*** Opening of Source data ***

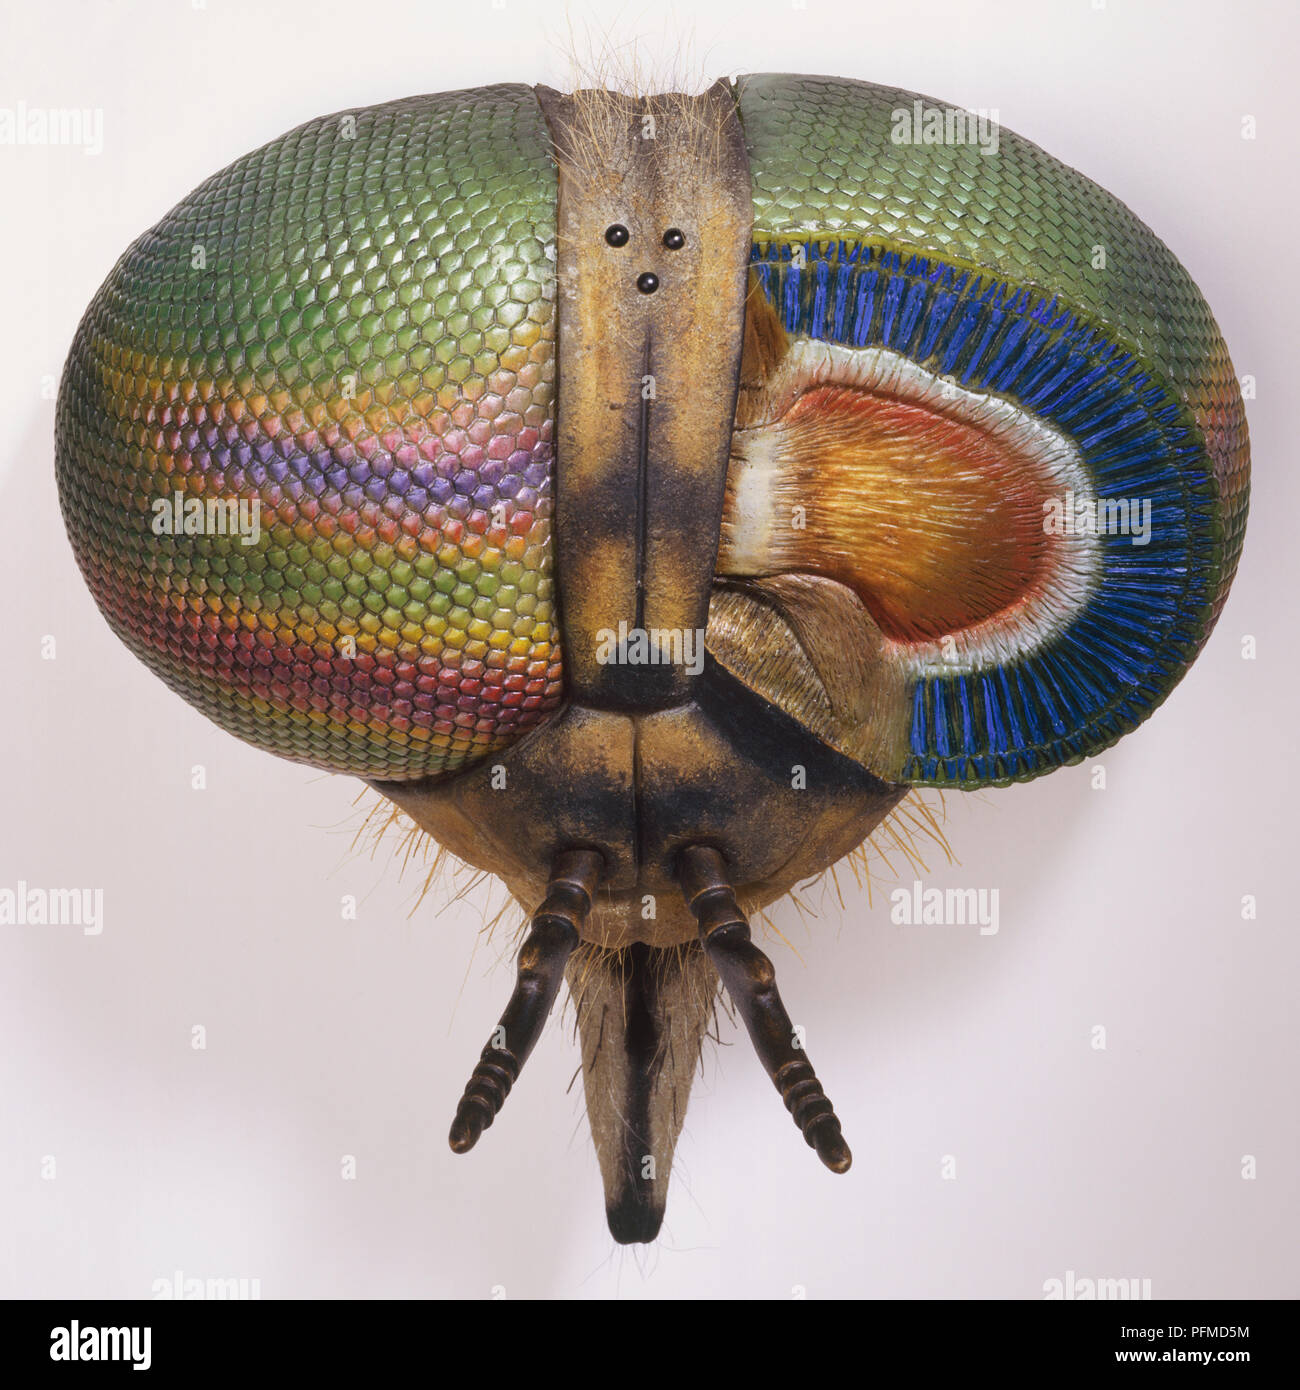 Close-up model of head of horsefly showing a cross-section of its eye. Stock Photo
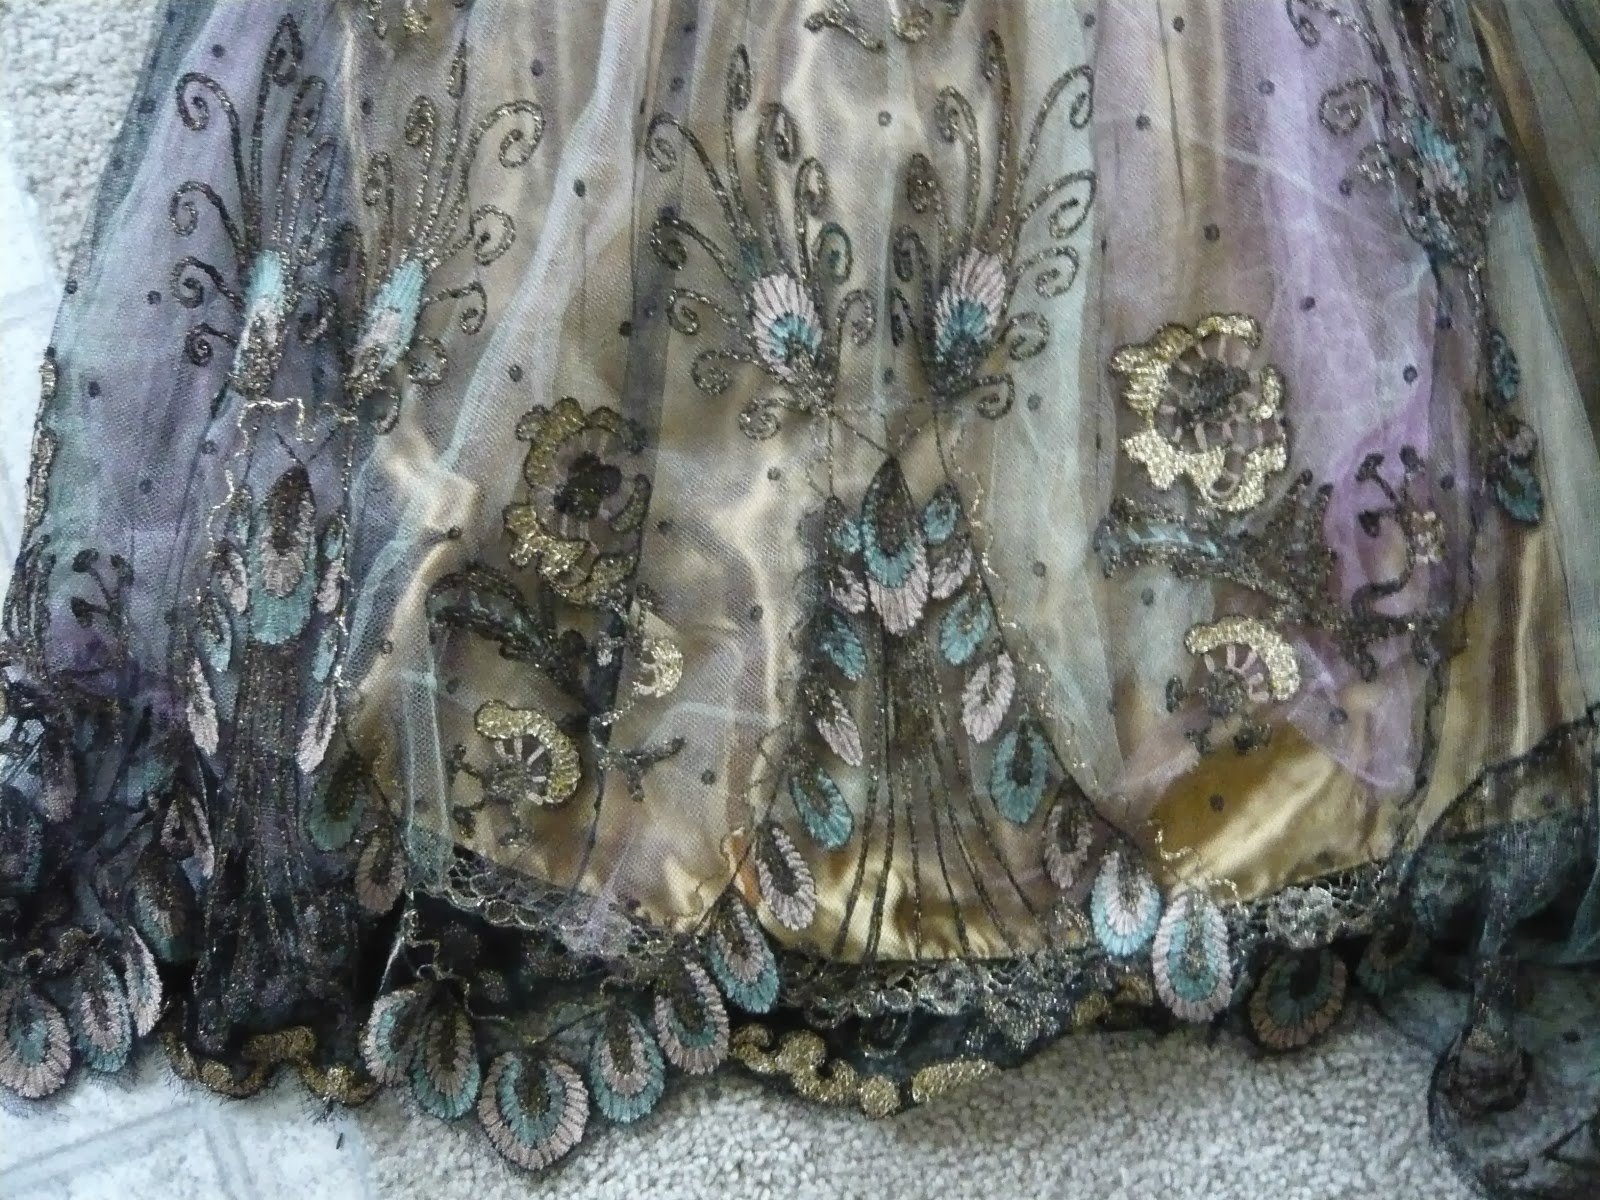 All The Pretty Dresses: I know it looks crazy, but I love this 1920's dress
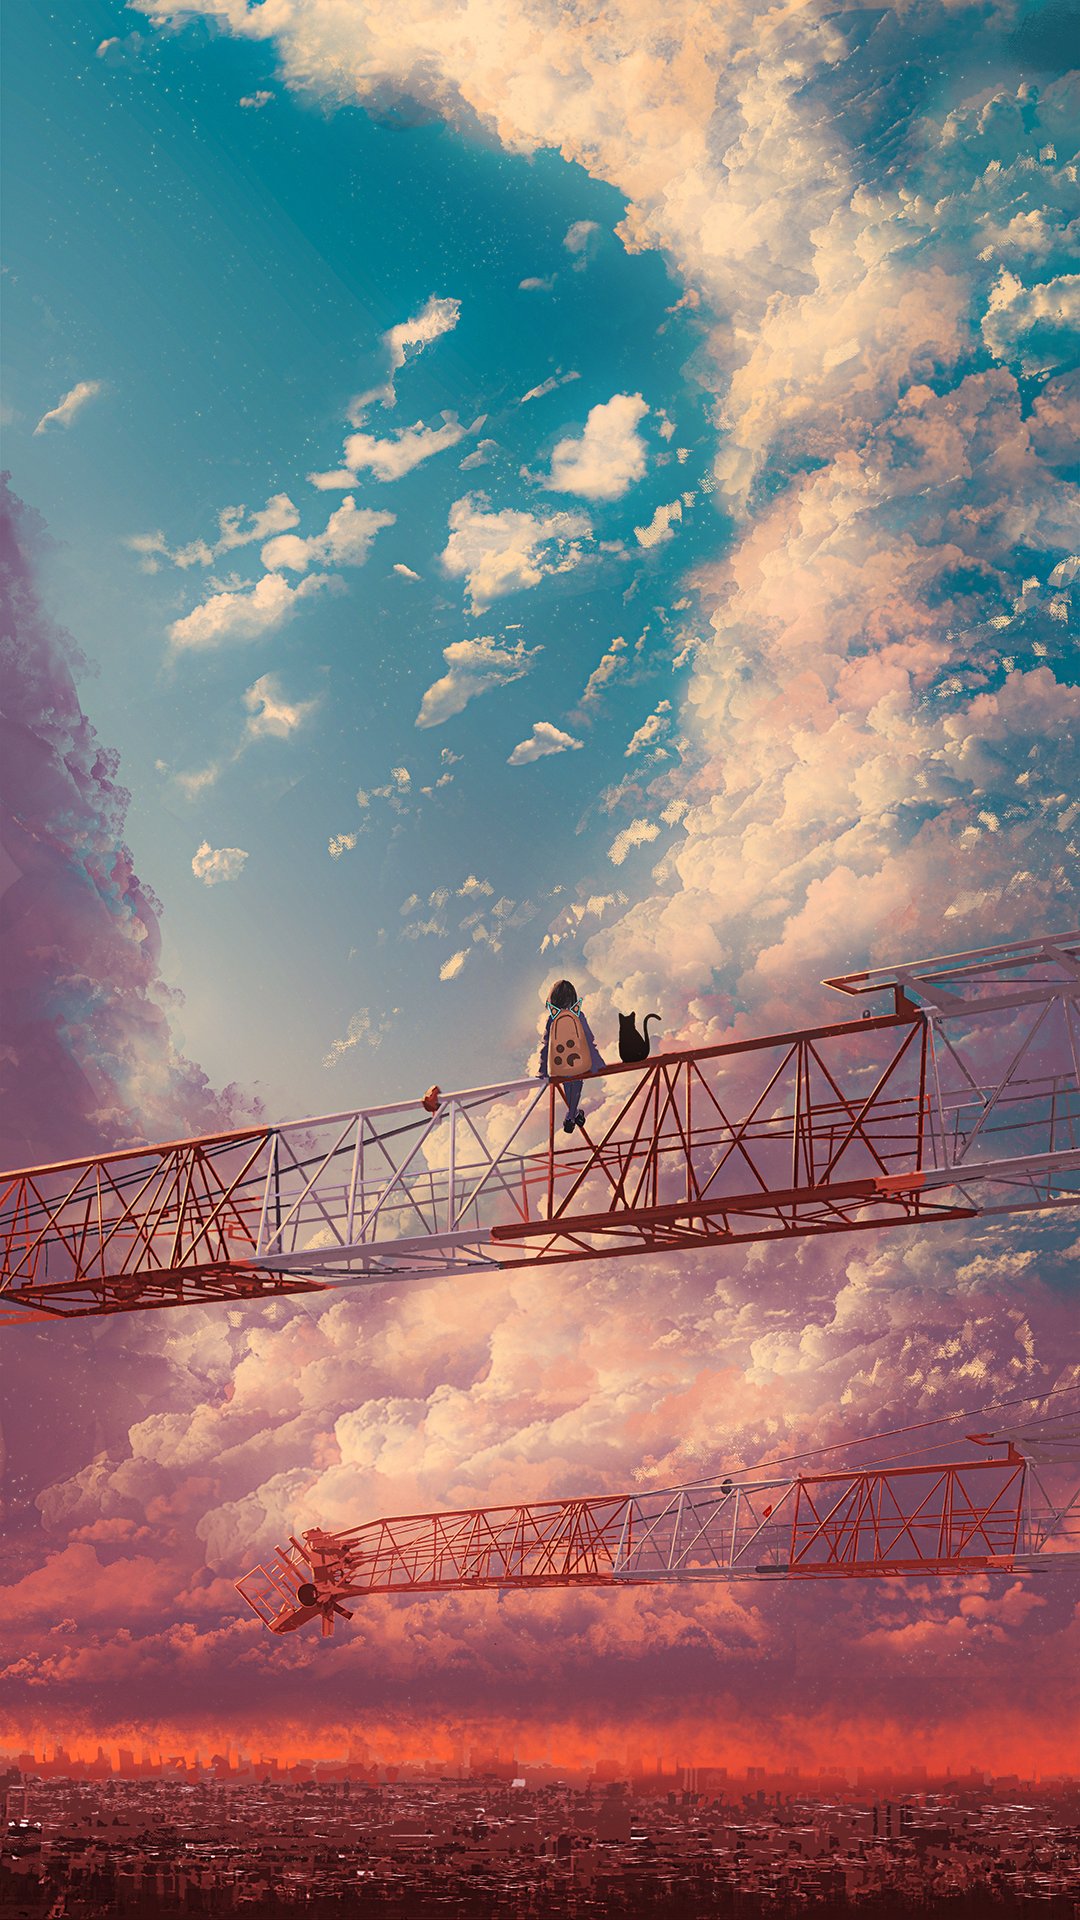 Anime 1080x1920 Chocoshi women outdoors anime girls portrait display rear view backpacks clouds horizon sky cityscape sunset sitting bag city animals cumulus truss wide angle sunset glow
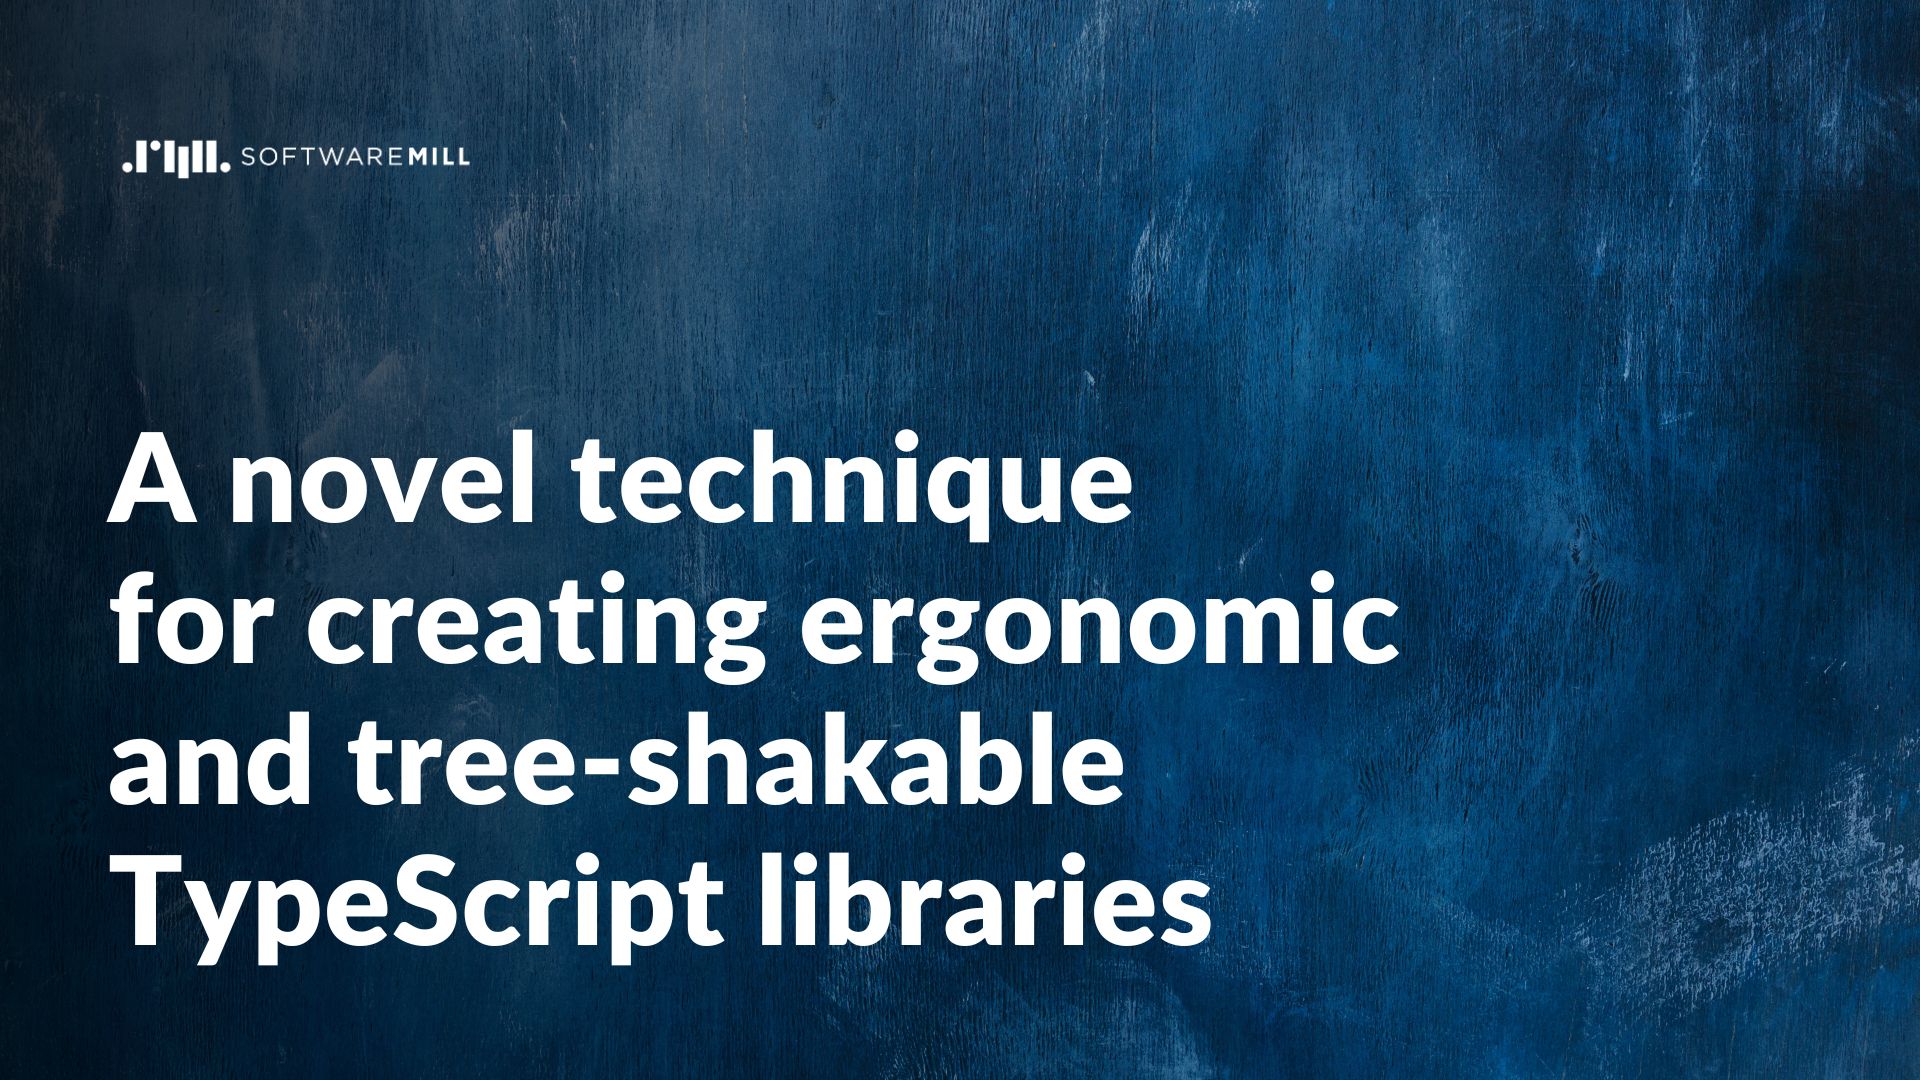 A novel technique for creating ergonomic and tree-shakable TypeScript libraries webp image

*** Close of Source data ***

Return each line of the data, keeping its wording exact and omitting pictures.

_Expected answer_:
 Close-up model of head of horsefly showing a cross-section of its eye. Stock Photo
 All The Pretty Dresses: I know it looks crazy, but I love this 1920's dress
 Anime 1080x1920 Chocoshi women outdoors anime girls portrait display rear view backpacks clouds horizon sky cityscape sunset sitting bag city animals cumulus truss wide angle sunset glow
 A novel technique for creating ergonomic and tree-shakable TypeScript libraries webp image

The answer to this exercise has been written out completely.